September 21, 2023- In retirement, as during your working years, a well-constructed investment strategy considers risk, cost, and asset allocation. When you retire, your financial landscape changes, and your investments may need to change with it.

How should my investments change with retirement?

Conventional wisdom suggests that your investments should become more conservative as you approach retirement and then very conservative once you retire. The thought behind this is you no longer have the years and employment income to afford the risk of being more aggressive, and in many situations, that is true. However, retirement investments are not one-size-fits-all. What is best for one family is not necessarily right for another, and there are many situations where conventional wisdom should be questioned.

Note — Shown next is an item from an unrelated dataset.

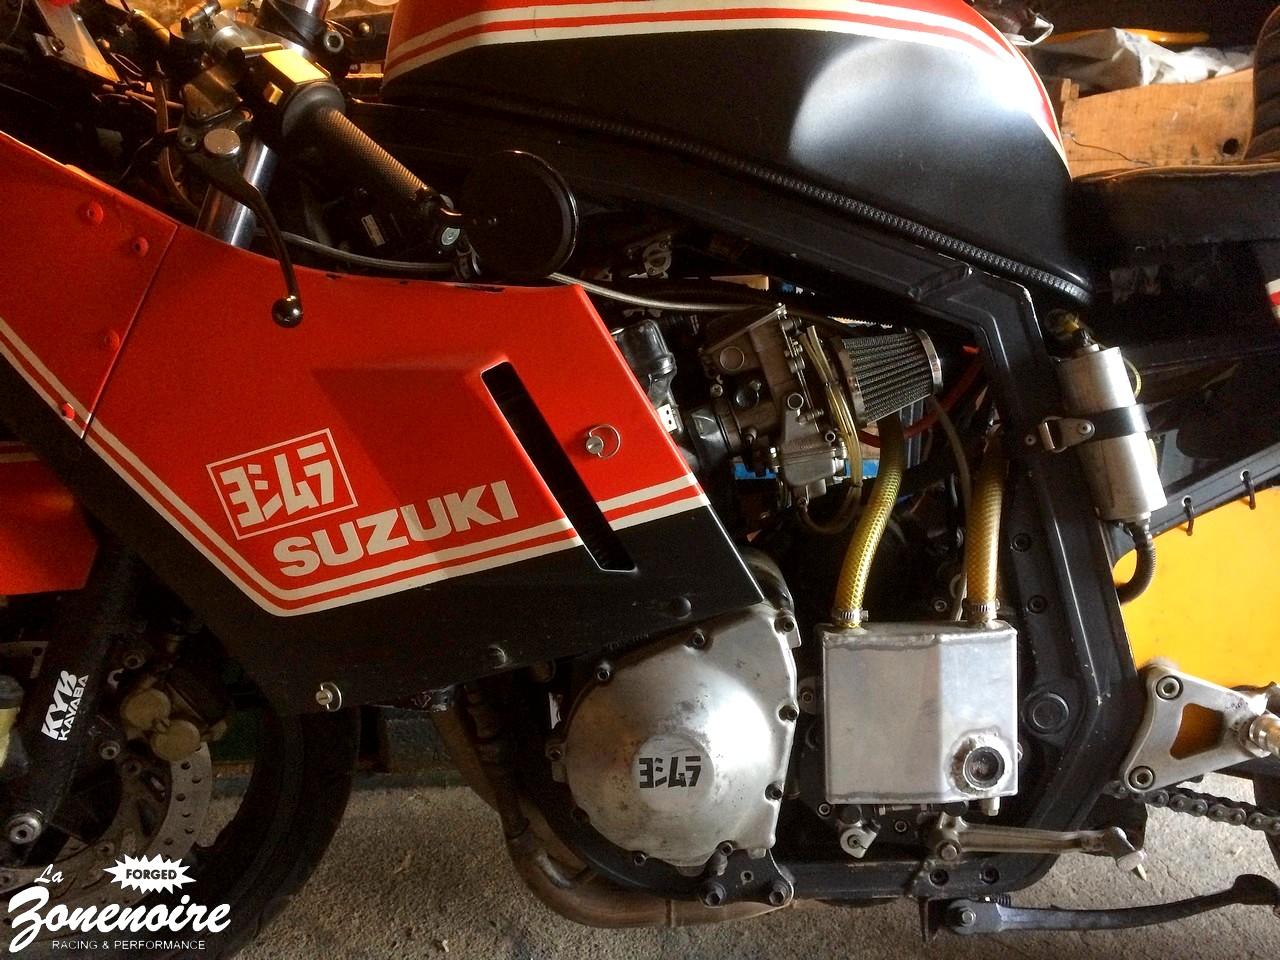 Suzuki GSX-R Slabside 750 (85-87) et 1100 (86-88) Sujet N°2 - Page 6 14.%2B750%2Byoshimu%2527rats%2B%2528LaZoneNoire.2019%2529

Are stocks too risky for retirement?

When considering investment options in the simplest manner, this usually boils down to stocks versus bonds. Stocks are more volatile but have a higher expected return, while bonds are generally more stable with a lower expected return. Stocks are more aggressive, and bonds are more conservative, historically. They both have a place in almost every portfolio, even nearing or in retirement.

With the volatility in the stock market and high interest rates, it can be tempting to change to an extremely conservative portfolio in retirement and invest in all or mostly bonds. Bonds are a great ballast to a portfolio, and, with higher interest rates, they can provide a good return with lower expected risk. However, there can be long periods of time where bonds significantly underperform compared to stocks. Many people retiring today have a good chance of enjoying retirement for the next 30 years. That is a long-term horizon, and most people would benefit from having a significant portion of their portfolio invested in stocks to capture the higher expected return and the hedge against inflation that stocks offer.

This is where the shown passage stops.